Ahmad Tohari dilahirkan di desa Tinggarjaya, Kecamatan Jatilawang, Banyumas tanggal 13 Juni 1948. Pendidikan formalnya hanya sampai SMAN II Purwokerto. Namun demikian beberapa fakultas seperti ekonomi, sospol, dan kedokteran pernah dijelajahinya. Semuanya tak ada yang ditekuninya. Ahmad Tohari tidak pernah melepaskan diri dari pengalaman hidup kedesaannya yang mewarnai seluruh karya sastranya.
Lewat trilogi Ronggeng Dukuh Paruk (dua yang lainnya Lintang Kemukus Dinihari dan Jentera Bianglala), ia telah mengangkat kehidupan berikut cara pandang orang-orang dari lingkungan dekatnya ke pelataran sastra Indonesia. Sesuai tahun-tahun penerbitannya, karya Ahmad Tohari adalah Kubah (novel, 1980), Ronggeng Dukuh Paruk (novel, 1982) Lintang Kemukus Dinihari (novel, 1984), Jentera Bianglala (novel, 1985), Di Kaki Bukit Cibalak (novel, 1989), Senyum Karyamin (kumpulan cerpen, 1990), Lingkar Tanah Lingkar Air (novel, 1993), Bekisar Merah (novel, 1993), Mas Mantri Gugat (kumpulan kolom, 1994).
BAGIAN PERTAMA Dari balik tirai hujan sore hari pohon-pohon kelapa di seberang lembah itu seperti perawan mandi basah; segar, penuh gairah, dan daya hidup. Pelepah-pelepah yang kuyup adalah rambut basah yang tergerai dan jatuh di belahan punggung. Batang-batang yang ramping dan meliuk-liuk oleh embusan angin seperti tubuh semampai yang melenggang tenang dan penuh pesona. Ketika angin tiba-tiba bertiup lebih kencang pelepah-pelepah itu serempak terjulur sejajar satu arah, seperti tangan-tangan penari yang mengikuti irama hujan, seperti gadis-gadis tanggung berbanjar dan bergurau di bawah curah pancuran.
Pohon-pohon kelapa itu tumbuh di tanah lereng di antara pepohonan lain yang rapat dan rimbun. Kemiringan lereng membuat pemandangan seberang lembah itu seperti lukisan alam gaya klasik Bali yang terpapar di dinding langit. Selain pohon kelapa yang memberi kesan lembut, batang sengon yang lurus dan langsing menjadi garis-garis tegak berwarna putih dan kuat. Ada beberapa pohon aren dengan daun mudanya yang mulai mekar; kuning dan segar. Ada pucuk pohon jengkol yang berwarna coklat kemerahan, ada bunga bungur yang ungu berdekatan dengan pohon dadap dengan kembangnya yang benar-benar merah. Dan batang-batang jambe rowe, sejenis pinang dengan buahnya yang bulat dan lebih besar, memberi kesan purba pada lukisan yang terpajang di sana.

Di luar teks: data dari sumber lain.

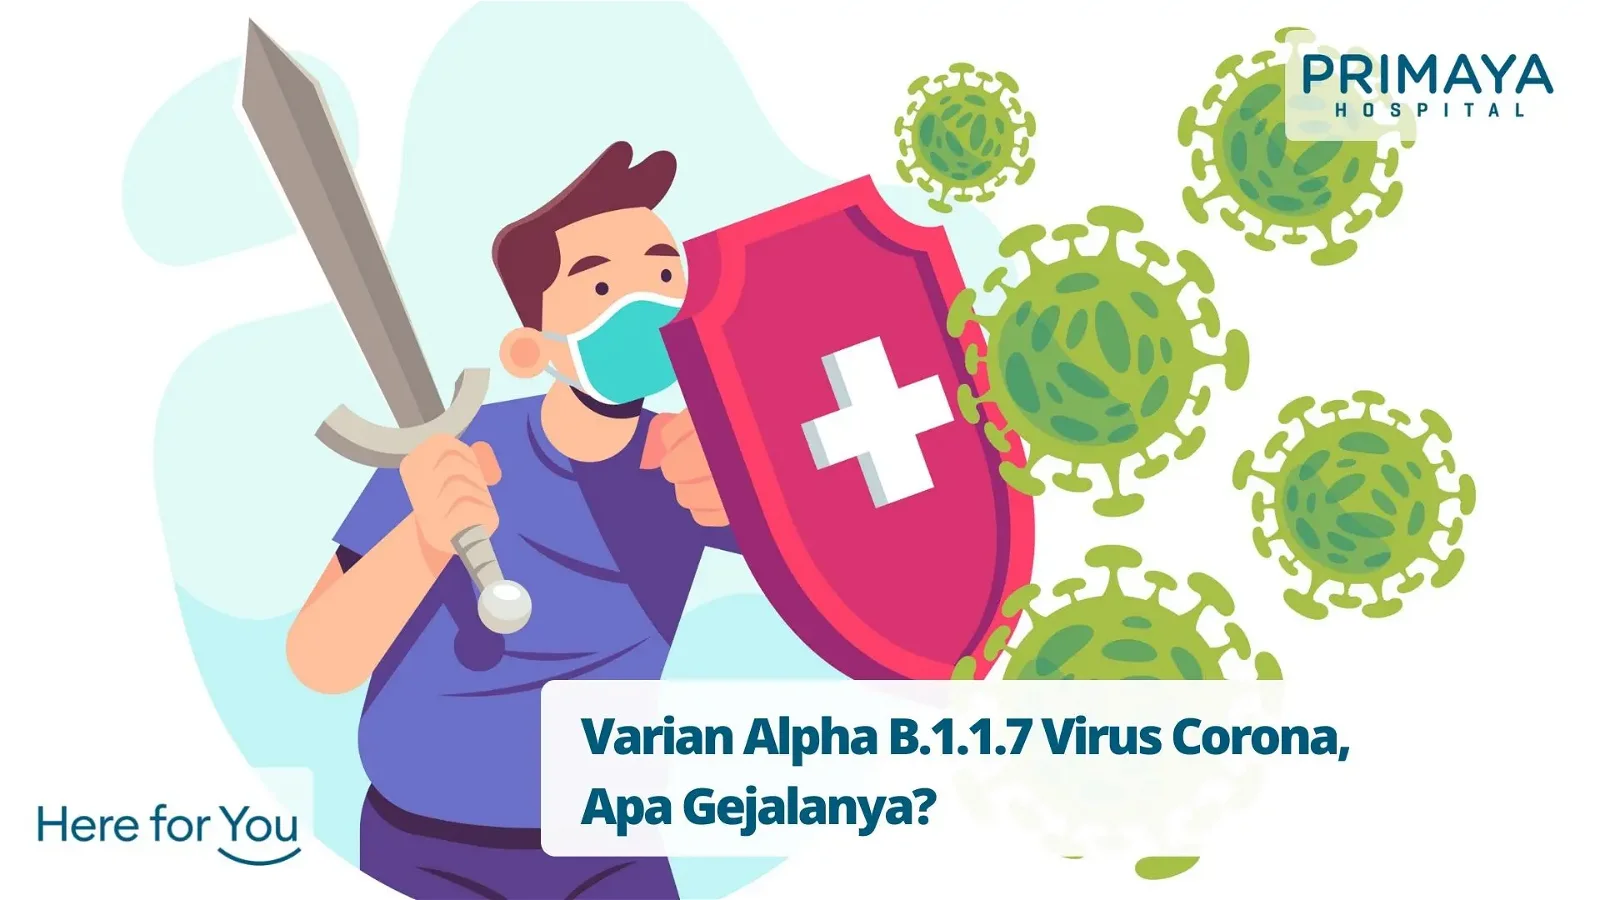 Varian Alpha B.1.1.7 Virus Corona, Apa Gejalanya

Dalam sapuan hujan panorama di seberang lembah itu terlihat agak samar. Namun cuaca pada musim pancaroba sering kali mendadak berubah. Lihatlah, sementara hujan tetap turun dan angin makin kencang bertiup tiba-tiba awan tersibak dan sinar matahari langsung menerpa dari barat. Lukisan besar di seberang lembah mendadak mendapat pencahayaan yang kuat dan menjadikannya lebih hidup. Warna-warninya muncul lebih terang, matra ketiganya makin jelas. Muncul pernik-pernik mutiara yang berasal dari pantulan sempurna cahaya matahari oleh dedaunan yang kuyup dan bergoyang. Dari balik bukit, di langit timur yang biru-kelabu, muncul lengkung pelangi. Alam menyelendangi anak-anak perawannya yang selesai mandi besar dengan kabut cahaya warna-warni.

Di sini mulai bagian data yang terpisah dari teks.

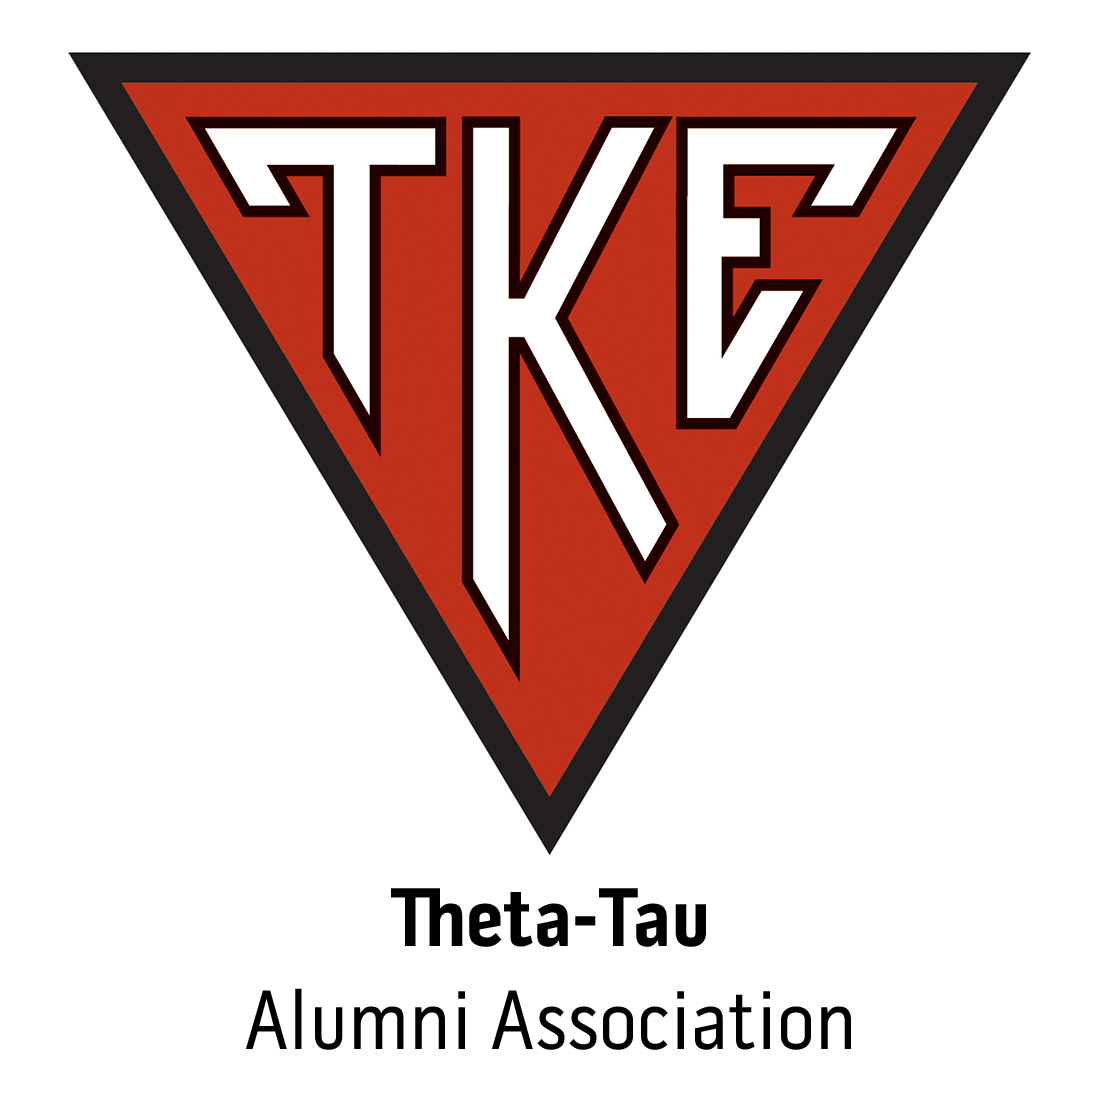 Theta-Tau Alumni Association at Minnesota State University, Mankato

Ketika dengan tiba-tiba pula matahari lenyap, suasana kembali samar. Apalagi
hujan pun berubah deras menyusul ledakan guntur yang bergema di dinding-dinding lembah. Angin kembali bertiup kencang sehingga pohon-pohon kelapa itu seakan hendak rebah ke tanah. Ketika itulah dada Darsa terasa berdenyut. Darsa yang sejak lama memandangi pohon-pohon kelapanya di seberang lembah itu, hampir putus harapan. Bila hujan dan angin tak kunjung berhenti Darsa tak mun
gkin pergi menyadap pohon-pohon kelapanya. Sebagai penderes, penyadap nira kelapa, Darsa sudah biasa turun-naik belasan pohon dalam hujan untuk mengangkat pongkor yang sudah penuh nira dan memasang pongkor baru. Namun hujan kali ini disertai angin dan guntur. Penderes mana pun tak akan keluar rumah meski mereka sadar akan akibatnya; nira akan masam karena pongkor terlambat diangkat. Nira demikian tidak bisa diolah menjadi gula merah. Kalaupun bisa hasilnya adalah gula gemblung, yakni gula pasta yang harga jualnya sangat rendah. Padahal, sekali seorang penyadap gagal mengolah nira, maka terputuslah daur penghasilannya yang tak seberapa. Pada saat seperti itu yang bisa dimakan adalah apa yang bisa diutang dari warung.
Dari emper rumah bambunya Darsa kembali menatap ke timur, menatap pohon-pohon kelapanya yang masih diguyur hujan nun di seberang lembah. Darsa gelisah. Kesejatian seorang penyadap serasa tertantang. Bagi Darsa, bagi setiap lelaki penyadap, pohon-pohon kelapa adalah harapan dan tantangan, adalah teras kehidupan yang memberi semangat dan gairah hidup. Tetapi karena hujan dan angin yang belum juga mereda, Darsa tak berdaya mendekati pohon-pohon kelapa yang terasa terus melambaikan pelepah-pelepah ke arahnya.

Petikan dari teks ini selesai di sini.